= EXERCISE INSTRUCTIONS =
Print each line below verbatim, skipping every picture.

= DATASET EXTRACT =
>>

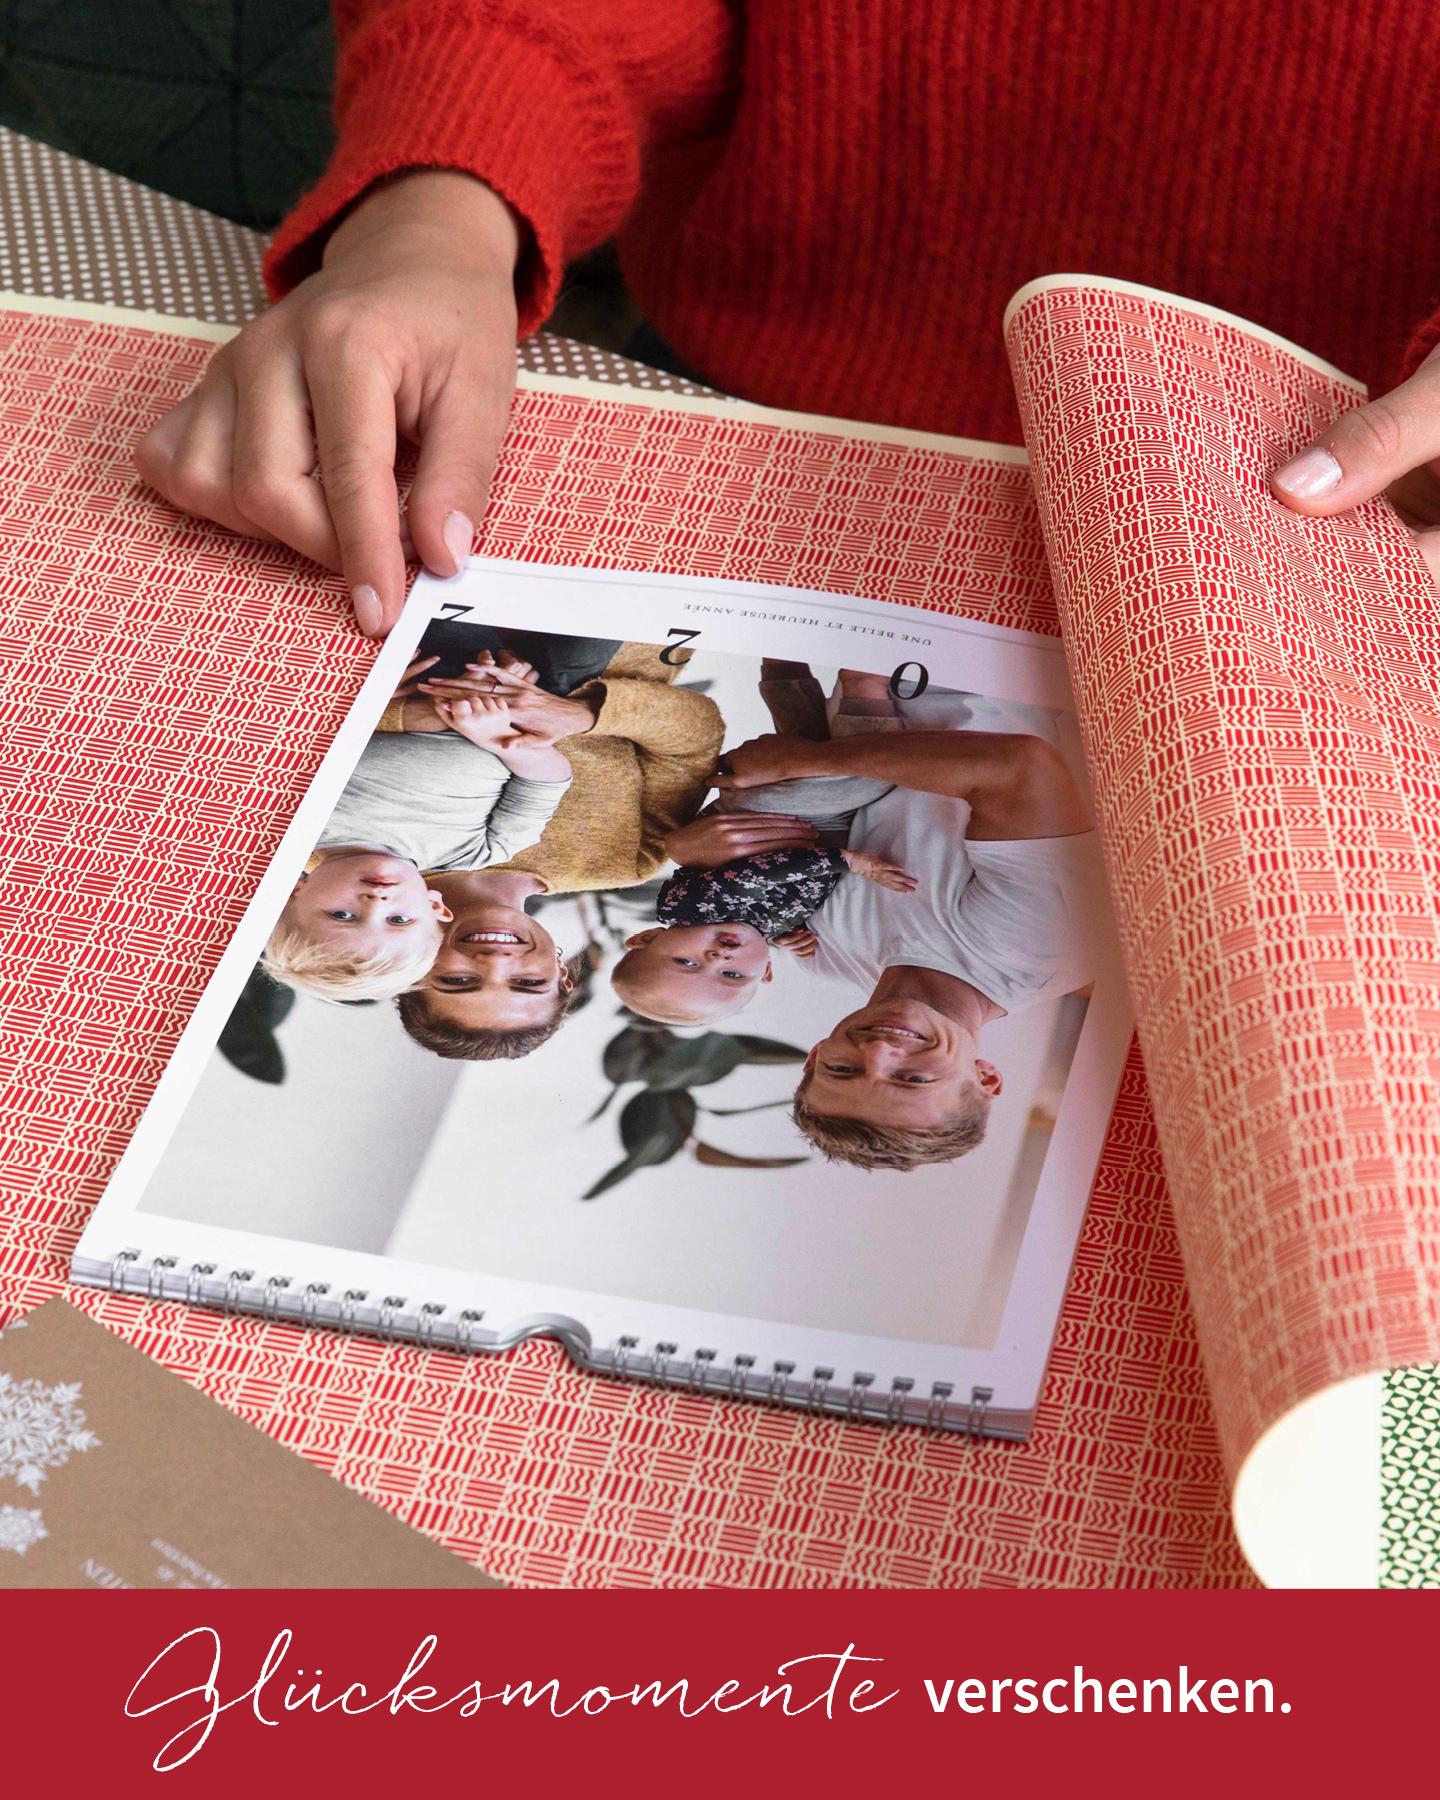 Fotokalender für die Wand wird mit bunten Geschenkpapier zu Weihnachten eingepackt.
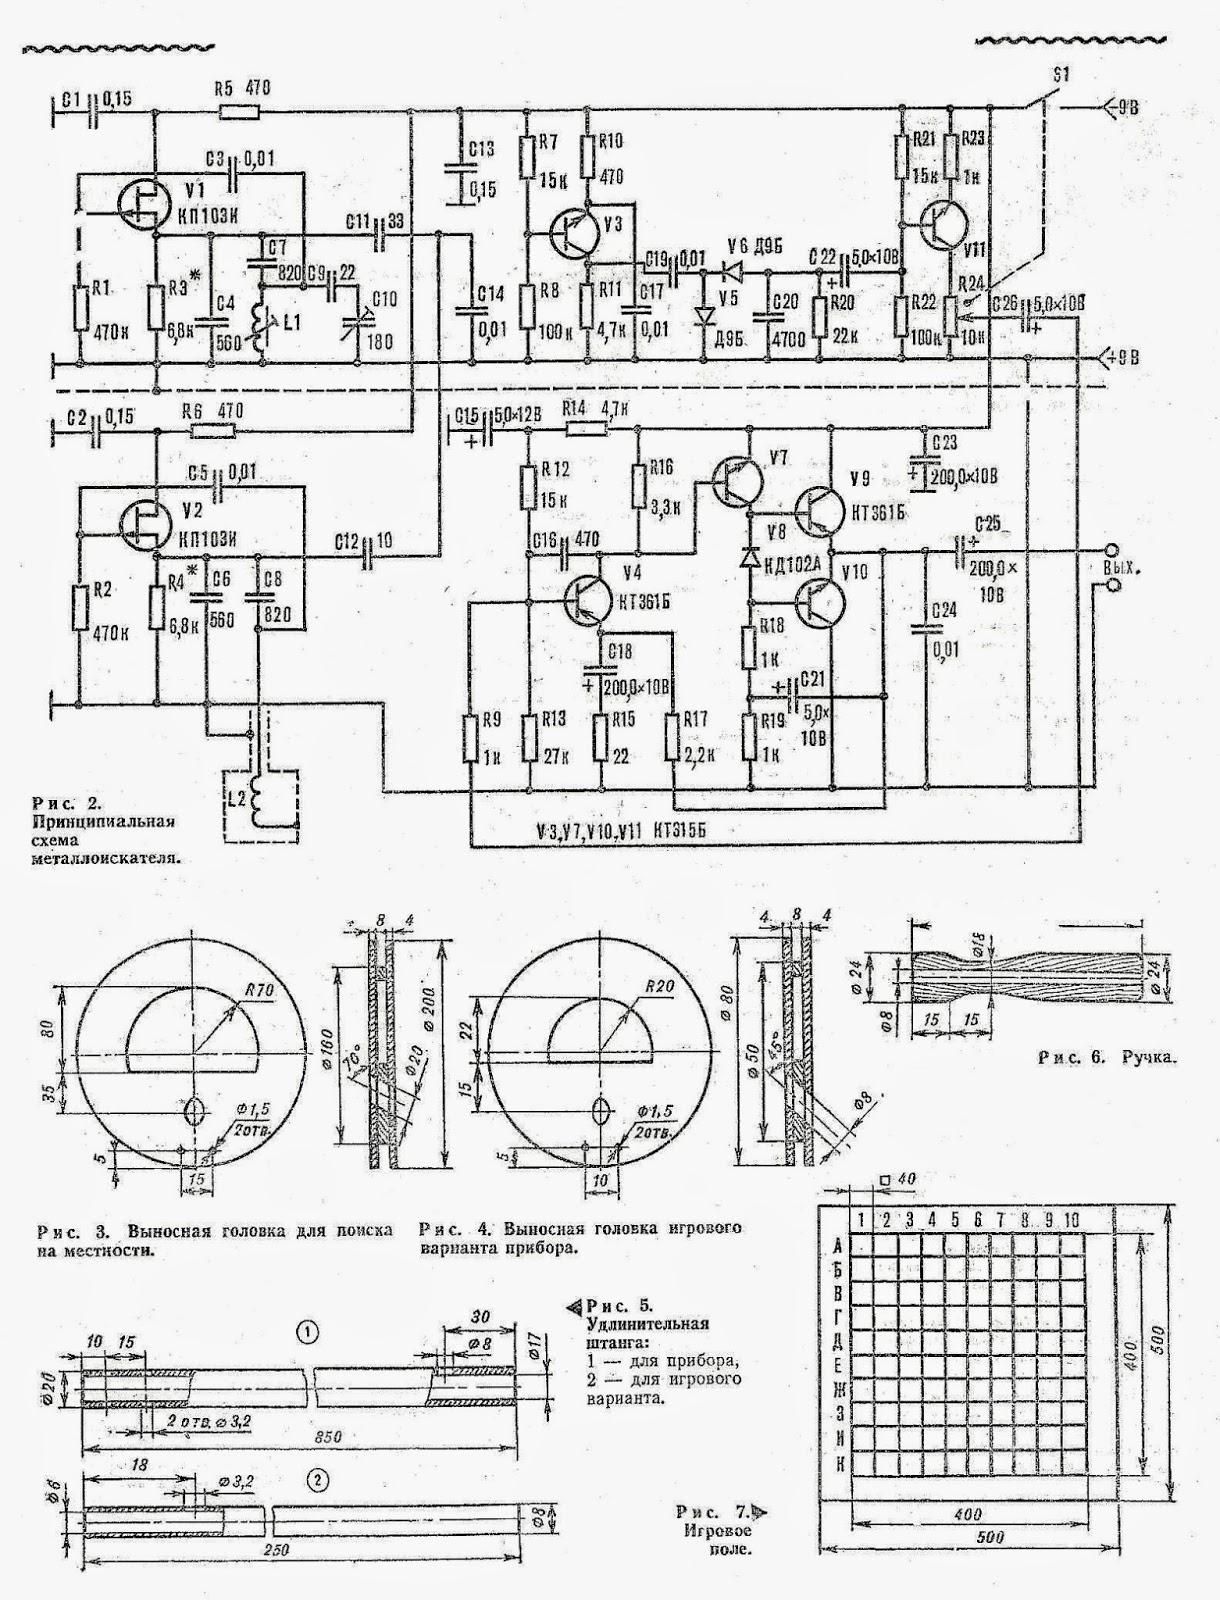 Подробное описание как изготовить металлоискатель по схеме
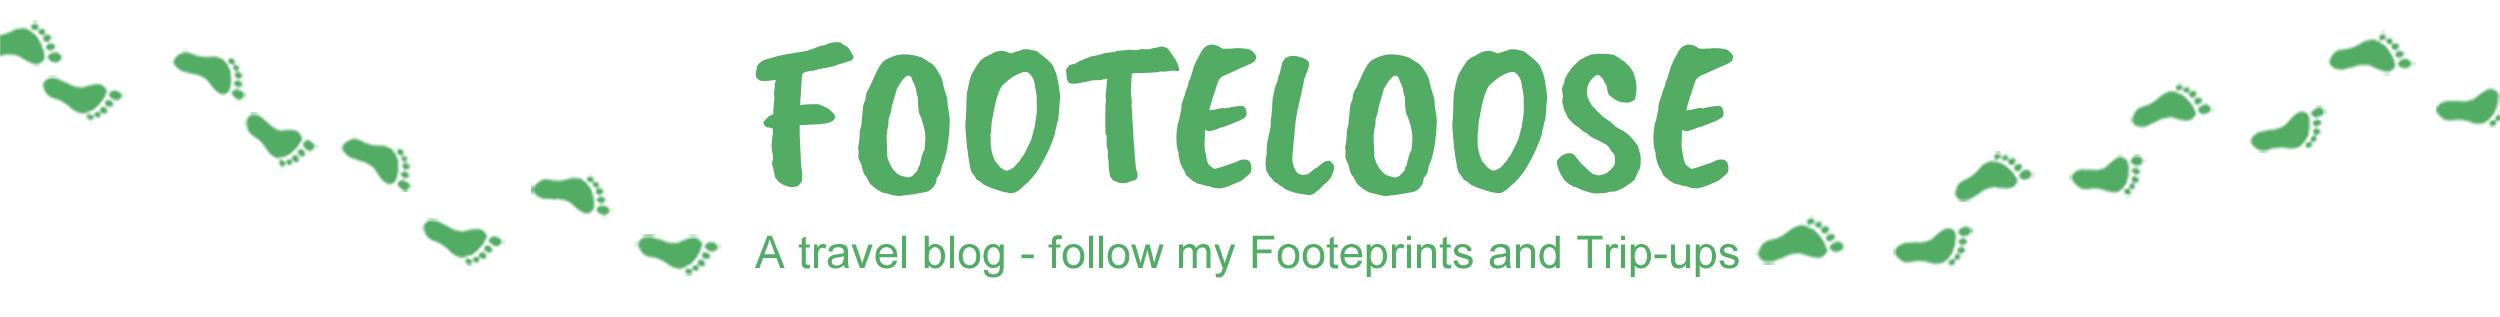 Footeloose
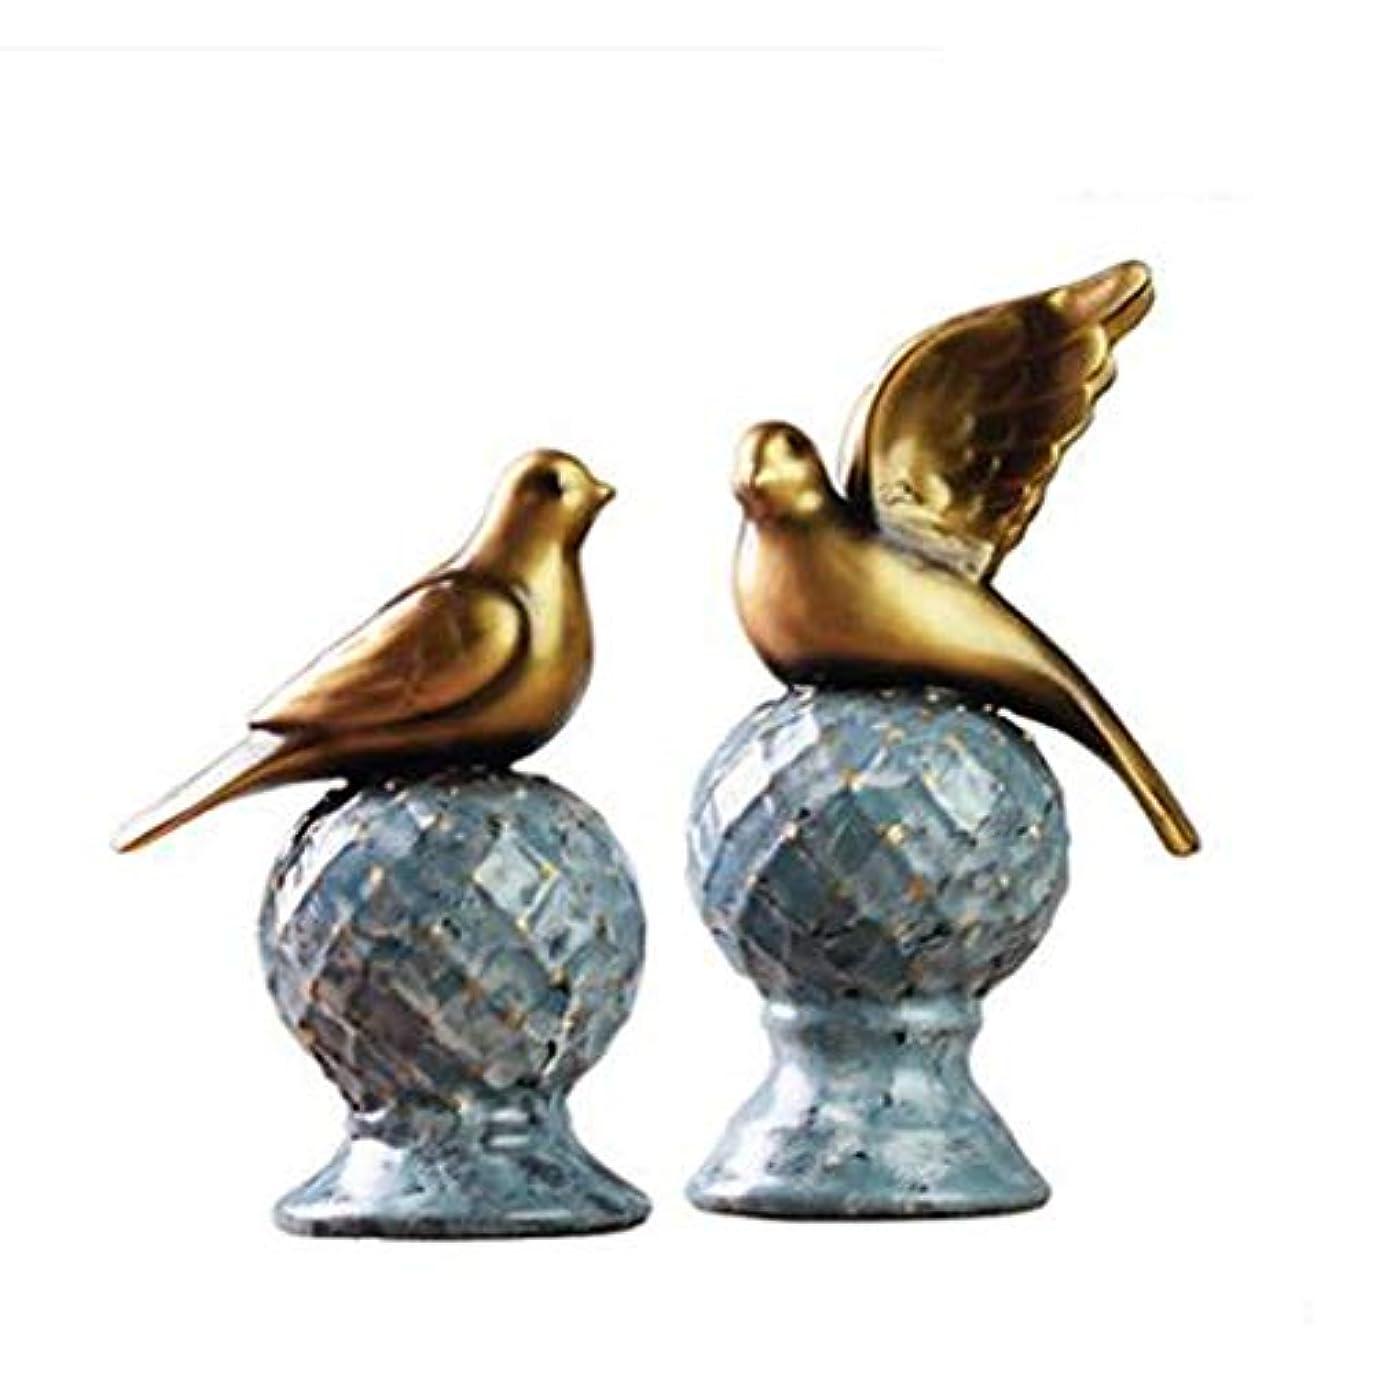 エンコミウム懲戒電話するYougou01 装飾品、装飾品、現代ヨーロッパの居間、ポーチ、樹脂工芸品、アメリカのテレビキャビネット、鳥の陳列 、創造的な装飾 (Color : Gold)

<<

= WRITTEN REPLY =
 Fotokalender für die Wand wird mit bunten Geschenkpapier zu Weihnachten eingepackt.
 Подробное описание как изготовить металлоискатель по схеме
 Footeloose
 エンコミウム懲戒電話するYougou01 装飾品、装飾品、現代ヨーロッパの居間、ポーチ、樹脂工芸品、アメリカのテレビキャビネット、鳥の陳列 、創造的な装飾 (Color : Gold)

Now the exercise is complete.